Now consider a model with just one parameter. Imagine that my initial proposition is far from the region(s) of high posterior density, and suppose that this chain never reaches the regions with high posterior density. Is this when Stan returns the message saying “There were x divergent transitions after warmup.”? Since it can see that the MCMC code has not sampled “enough” from the posterior distribution of interest?

One reason that I think this intuition is wrong is because I have ran MCMC code in the past which has not converged (simply due to not being ran for enough iterations) and I have not received this error message.

Can anyone give an intuitive interpretation of what is going on when a transition diverges? What happens if the proposal eventually reaches the region of high posterior density? Is it possible to find where the MCMC sampler diverged and then discard the samples up to when they are convergent again?

If the Hamiltonian diverges the positions along the simulated trajectory will never be accepted. If I have 214 divergent transitions, this must mean that I entered a phase of divergence and then switched back to a convergence phase and then to another phase of divergence. Otherwise, I should only have one divergent transition. This is difficult to understand since according to the manual, no proposals are accepted after a trajectory diverges and so after a trajectory diverges, shouldn’t it stay divergent until the end? Also, why does the MCMC code not just terminate after a divergent trajectory is found? How does x divergent transitions accumulate?
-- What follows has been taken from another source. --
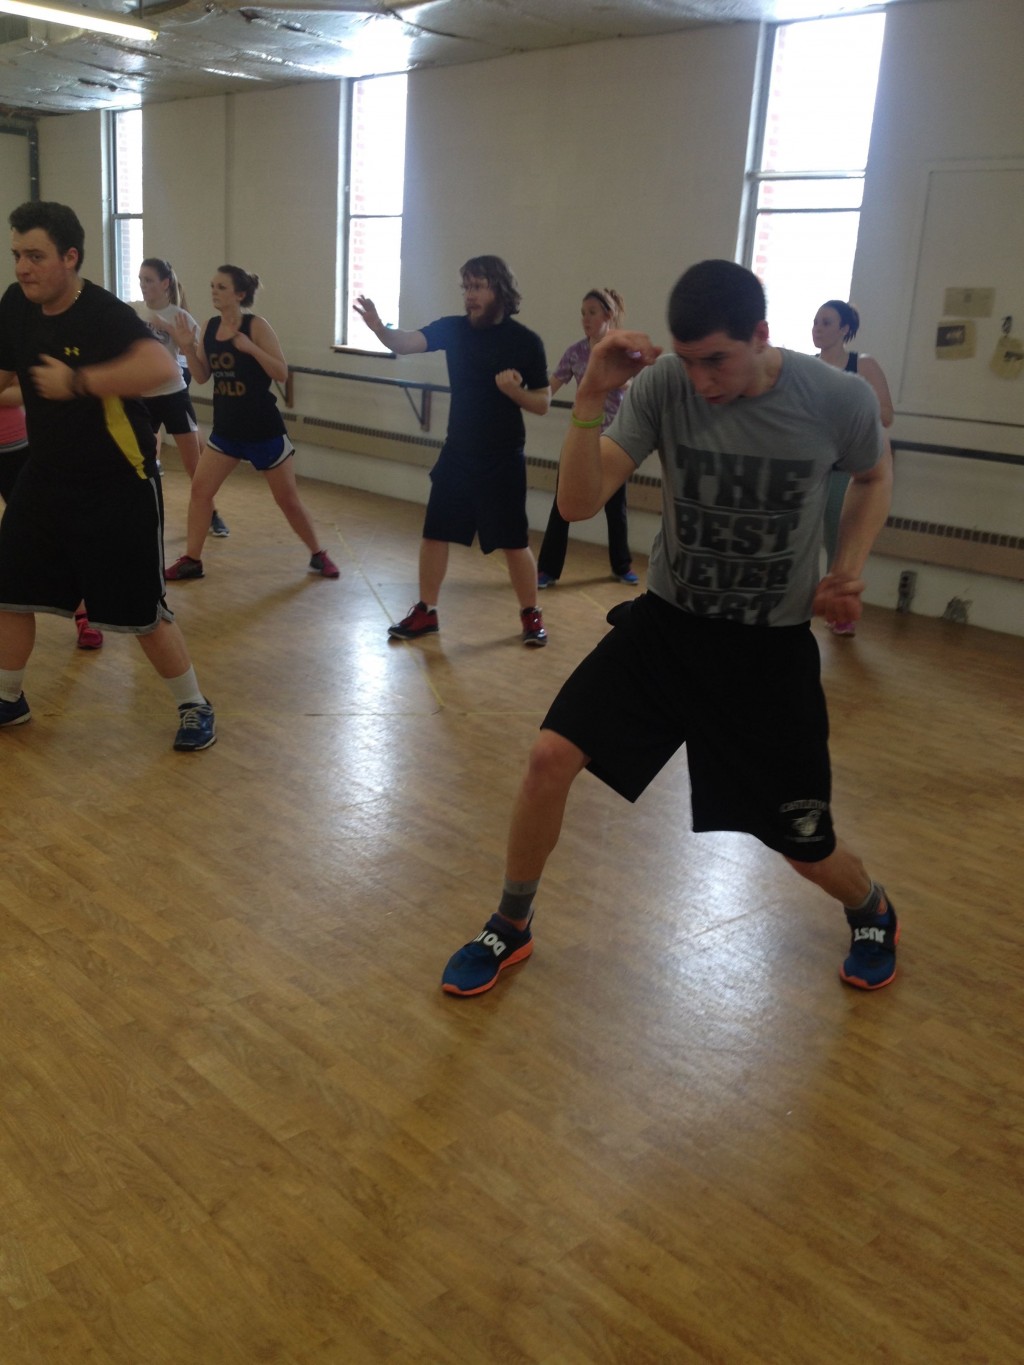 Kickboxing class about more than just exercise

A divergent transition in Stan tells you that the region of the posterior distribution around that divergent transition is geometrically difficult to explore.

For example here is a quote from the manual:

The primary cause of divergent transitions in Euclidean HMC (other than bugs in the code) is highly varying posterior curvature, for which small step sizes are too inefficient in some regions and diverge in other regions. If the step size is too small, the sampler becomes inefficient and halts before making a U-turn (hits the maximum tree depth in NUTS); if the step size is too large, the Hamiltonian simulation diverges.


Basically it means that the Hamiltonian trajectory that Stan proposed is different from what it should be following. So the expected value of say the log(density) that it predicted it should have at a point in the parameter space is different from what it actually is at that point. When Stan detects this problem it knows something has gone wrong and rejects that transition and basically “tries again”. This is demonstrated graphically here: https://dev.to/martinmodrak/taming-divergences-in-stan-models-5762

The reason that you have multiple transitions is that since Stan has rejected that particular transition it will try new ones and those may or may not result in a divergence. Now the reason that you can’t just stop the sampling when encountering the first divergence is that divergences are not always a problem.

For example if you fit a model with idk 10/10,000 transitions diverging and they are randomly distributed across the parameter space then likely there isn’t a problem. If however you end up with these 10 divergent transitions concentrated in a certain part of parameter space (or you have a lot more of them) then it’s likely that your model parameters are not estimated accurately by Stan. In that case you should consider reformulating your model. Basically, divergences are a guide to help make your model better but the existence of a single one doesn’t have to be fatal.

For example page 46 of Betancourt’s Conceptual Introduction to Hamiltonian Monte Carlo (https://arxiv.org/pdf/1701.02434.pdf) shows how divergences can be localized to one part of the parameter space and thus ignoring them/or stopping when you get to them would at best bias your inference (because you’re not including that challenging region).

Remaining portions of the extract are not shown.